Steps to use Triton server
1. Install the SDK components
In order to use tritonserver with all it's capabilities for the models, you should first install all the SDK components available for the board on JetPack 4.6
2. Install Triton server dependencies
apt-get update apt-get install -y --no-install-recommends \ software-properties-common \ autoconf \ automake \ build-essential \ cmake \ git \ libb64-dev \ libre2-dev \ libssl-dev \ libtool \ libboost-dev \ libcurl4-openssl-dev \ rapidjson-dev \ patchelf \ zlib1g-dev
3. Download a models repository
This step is optional if you already have a models repository, if you don't have one for testing purposes, you can get some by using the step located in here: https://github.com/triton-inference-server/server/blob/main/docs/quickstart.md#create-a-model-repository
For this you need to:
git clone https://github.com/triton-inference-server/server.git tritonserver-src cd tritonserver-src && cd docs/examples ./fetch_models.sh export MODEL_PATH=$PWD/model_repository
The models will then be located under the model_repository folder in the same directory as the executed script, exported in the MODEL_PATH variable.

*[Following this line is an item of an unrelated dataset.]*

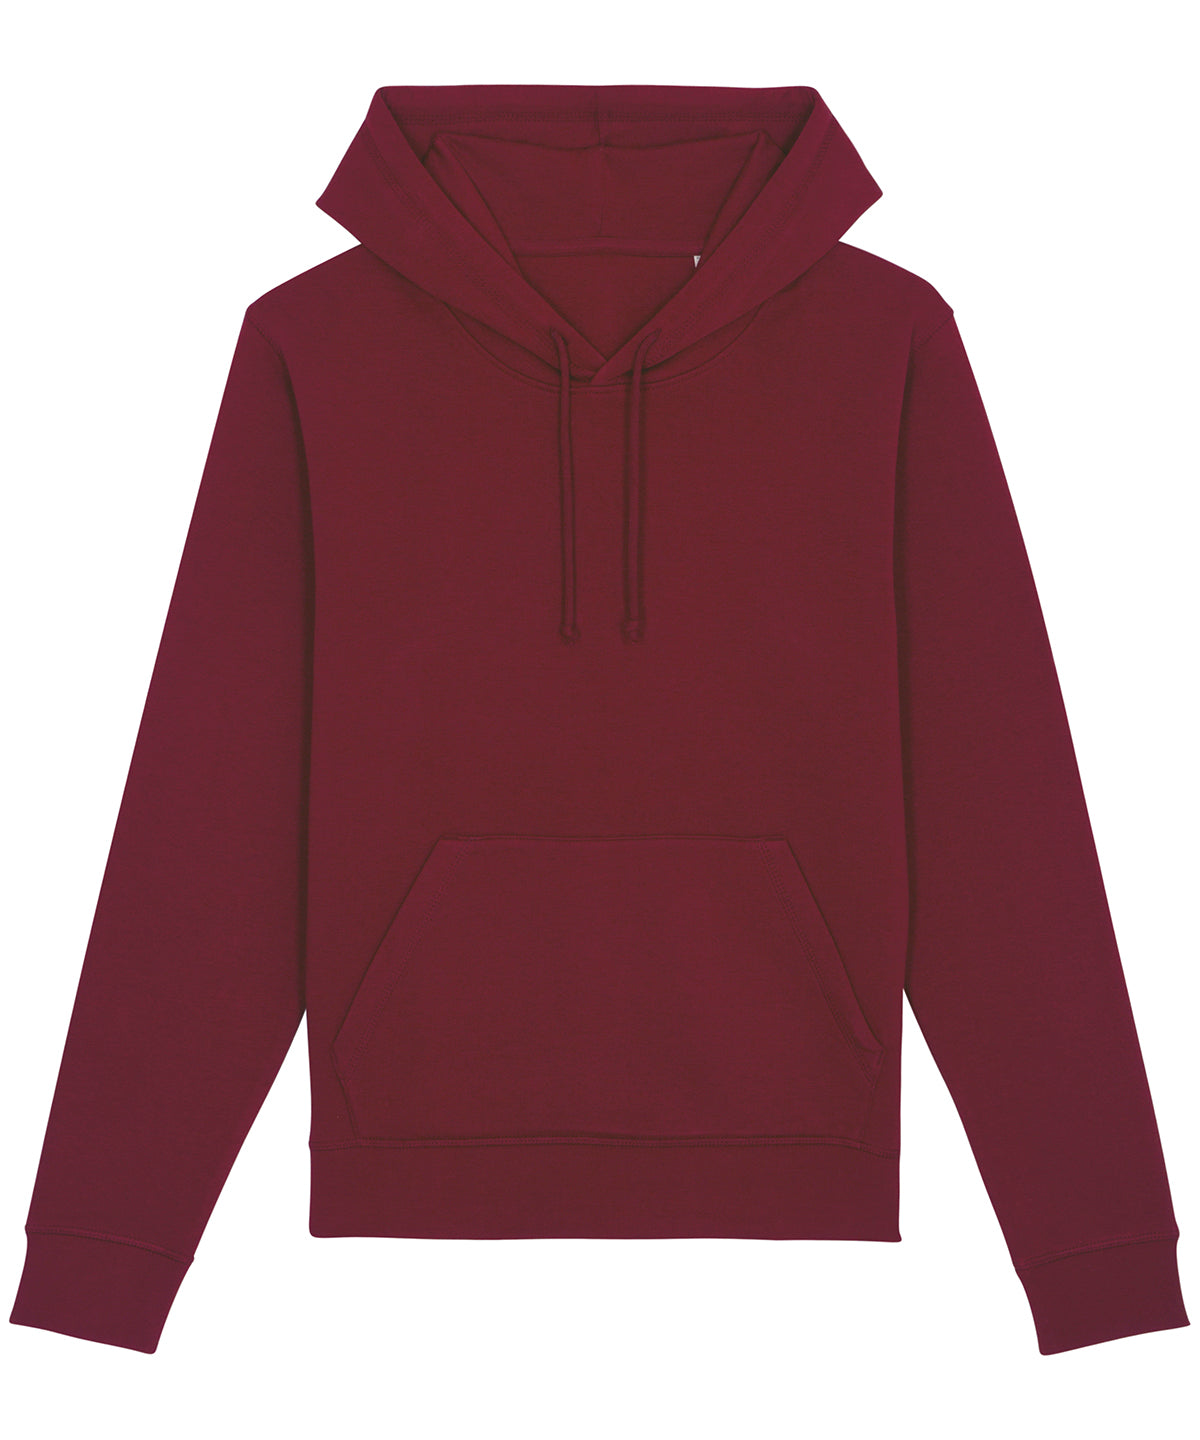 burgundy hoodie mens

4. Download the triton server
The tarball will include the executable and needed shared libraries, alongside the tritonserver backends
wget https://github.com/triton-inference-server/server/releases/download/v2.16.0/tritonserver2.16.0-jetpack4.6.tgz tar -xzf tritonserver2.16.0-jetpack4.6.tgz cd tritonserver2.16.0-jetpack4.6 export BACKEND_PATH=$PWD/backends
5. Execute the server
You can then execute the server this way:
./bin/tritonserver --model-repository=$MODEL_PATH --backend-directory=$BACKEND_PATH --backend-config=tensorflow,version=2
And you can check is up and ok by using the ready endpoint:
curl -v localhost:8000/v2/health/ready
Steps to use Triton client
1. Install all dependencies
apt-get install -y --no-install-recommends \ curl \ pkg-config \ python3 \ python3-pip \ python3-dev pip3 install --upgrade wheel setuptools cython && \ pip3 install --upgrade grpcio-tools numpy==1.19.4 future attrdict
2. Install the python package
The python package is located inside the downloaded and uncompressed release.
You can install it by using:
python3 -m pip install --upgrade clients/python/tritonclient-2.16.0-py3-none-any.whl[all]
3. Using one of the examples
There are some python examples located in here: https://github.com/triton-inference-server/client/tree/main/src/python/examples
These examples are included inside the downloaded release too.
You can run for example to perform detection on an image:
python3 ./examples/image_client.py -m densenet_onnx -c 3 -s VGG /home/nvidia/client/src/python/cistus1.jpg --url localhost:8000 --protocol HTTP
Yocto support
Docker support
Kubernetes support
A full guide on how to run Tritonserver with kubernetes is located in here: https://developer.nvidia.com/blog/deploying-nvidia-triton-at-scale-with-mig-and-kubernetes/
Here is a summary and more detailed steps on how to do that.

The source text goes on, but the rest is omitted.